Then messer Federico said:
“Indeed they would. And you Tuscan gentlemen ought to keep up your mother tongue, and not suffer it to decay, as you do,—so that now one may say that there is less knowledge of it in Florence than in many other parts of Italy.”
Then messer Bernardo said:
“These words that are no longer used in Florence have survived among the country folk, and are rejected by the gentle as corrupt and spoiled with age.”
32.—Then my lady Duchess said:
“Let us not wander from our main purpose, but have Count Ludovico teach the Courtier how to speak and write well, whether it be in the Tuscan or any other dialect.”
“My Lady,” replied the Count, “I have already told what I know about it; and I hold that the same rules which serve to teach the one, serve also to teach the other. But since you require it of me, I will make such response as I may to messer Federico, who has a different opinion from mine; and perhaps I shall have need to discuss the matter somewhat more diffusely than is right. However, it shall be all I can tell.

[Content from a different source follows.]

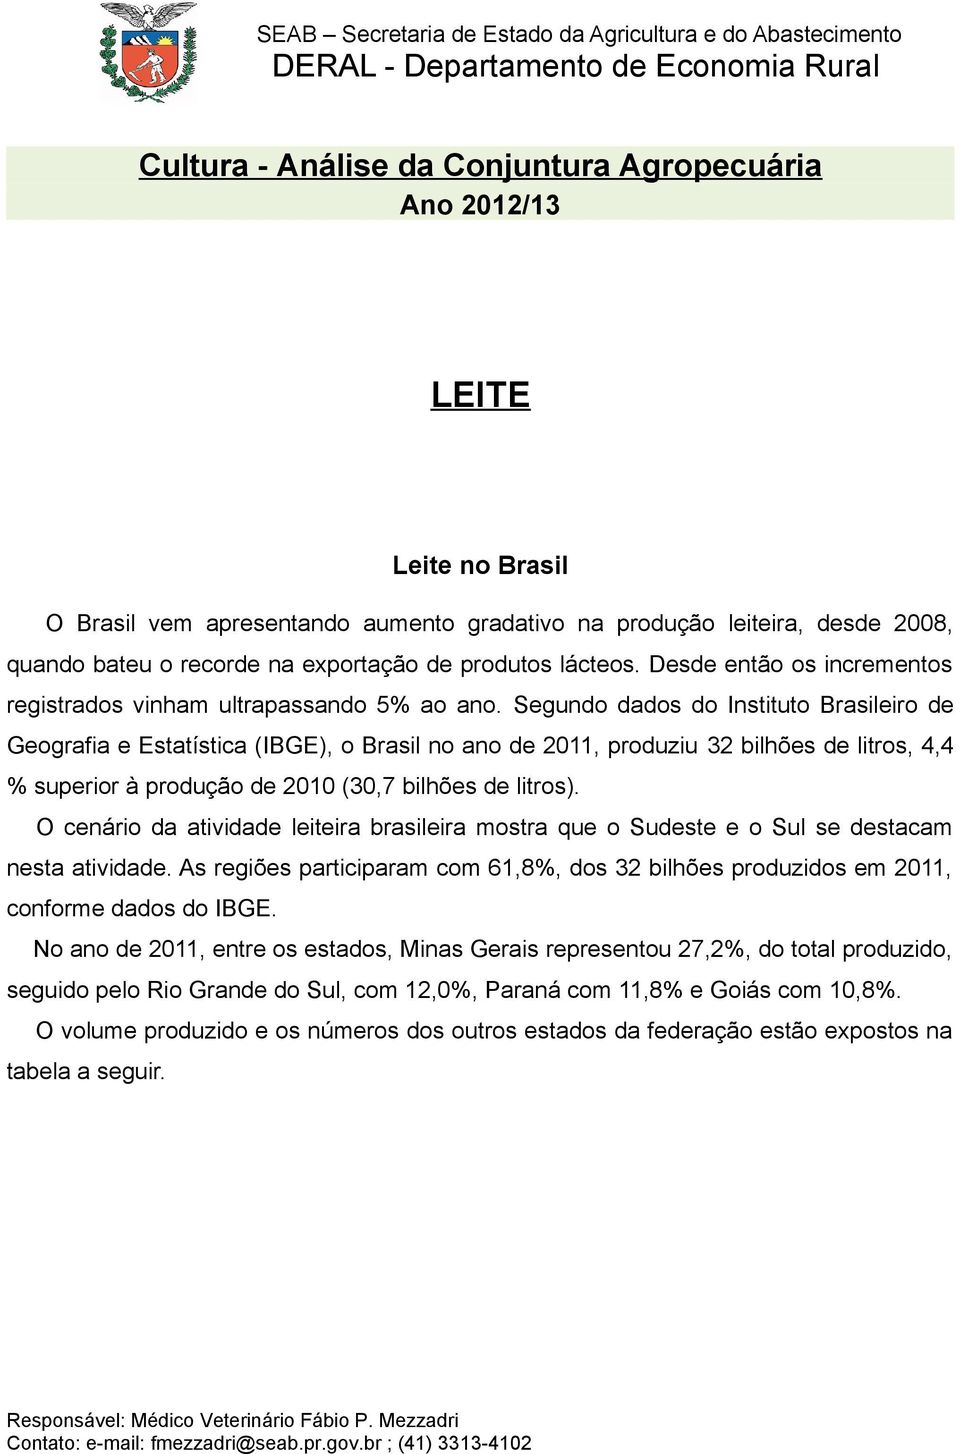 Segundo dados do Instituto Brasileiro de Geografia e Estatística (IBGE), o Brasil no ano de 2011, produziu 32 bilhões de litros, 4,4 % superior à produção de 2010 (30,7 bilhões de litros).

“And first I say that in my judgment this language of ours, which we call vulgar, is still tender and new, although it be already long in use. For since Italy was not only vexed and ravaged but long inhabited by the barbarians, the Latin language was corrupted and spoiled by contact with those nations, and from that corruption other languages were born: and like rivers that from the crest of the Apennines separate and flow down into the two seas, so also these languages divided, and some of them tinged with Latinity reached by diverse paths, one this country and one that; and one of them remained in Italy tinged with barbarism. Thus our language was long unformed and various, from having had no one to bestow care upon it or write in it or try to give it splendour or grace: but afterwards it was somewhat more cultivated in Tuscany than in the other parts of Italy. And so its flower seems to have remained there even from those early times, because that nation more than the others preserved a sweet accent and a proper grammatical order, and have had three noble writers[[82]] who expressed their thoughts ingeniously and in those words and terms that the custom of their times permitted: wherein I think Petrarch succeeded more happily than the others in amourous subjects.
“Afterwards from time to time, not only in Tuscany but in all Italy, among noble men and those well versed in courts and arms and letters, there arose some desire to speak and write more elegantly than had been done in that rude and uncultivated age, when the blaze of the calamities inflicted by the barbarians was not yet quenched. Many words were laid aside, as well in the city of Florence itself and in all Tuscany as in the rest of Italy, and instead of them others were taken up; and herein there thus occurred that change which takes place in all human affairs and has always happened in the case of the other languages also. For if those earliest writings in ancient Latin had survived until now, we should see that Evander and Turnus[[83]] and the other Latins of that age spoke differently from the last Roman kings and the first consuls. See how the verses that the Salian priests chaunted were hardly understood by posterity;[[84]] but being established in that form by the first founders, out of religious reverence they were not changed. Likewise the orators and poets continued one after another to lay aside many words used by their predecessors: thus Antonius, Crassus, Hortensius and Cicero avoided many of Cato’s words, and Virgil avoided many of Ennius’s;[[85]] and the others did the same. For although they had reverence for antiquity, yet they did not esteem it so highly as to consent to be bound by it in the way you would have us bound by it now. Nay they criticised it where they saw fit, as did Horace, who says that his forefathers lauded Plautus foolishly, and thinks he has a right to gather in new words.[[86]] And in sundry places Cicero reprehends many of his predecessors, and slightingly affirms that Sergius Galba’s orations had an antique flavour,[[87]] and says that Ennius himself disprized his predecessors in certain things: so that if we would imitate the ancients, in doing so we shall not imitate them. And Virgil, who (you say) imitated Homer, did not imitate him in language.
33.—“Therefore I for my part should always avoid using these antique words, save however in certain places, and seldom even there; and it seems to me that whoever uses them otherwise makes a mistake, not less than he who, in order to imitate the ancients, should wish to feed on acorns when wheat had been discovered in plenty. And since you say that by their mere splendour of antiquity, antique words so adorn every subject, however mean it be, that they can make it worthy of much praise,—I say that I do not set such store, not only by these antique words but even by good ones, as to think that they ought in reason to be prized without the pith of beautiful thoughts; for to divide thought from words is to divide soul from body, which can be done in neither case without destruction.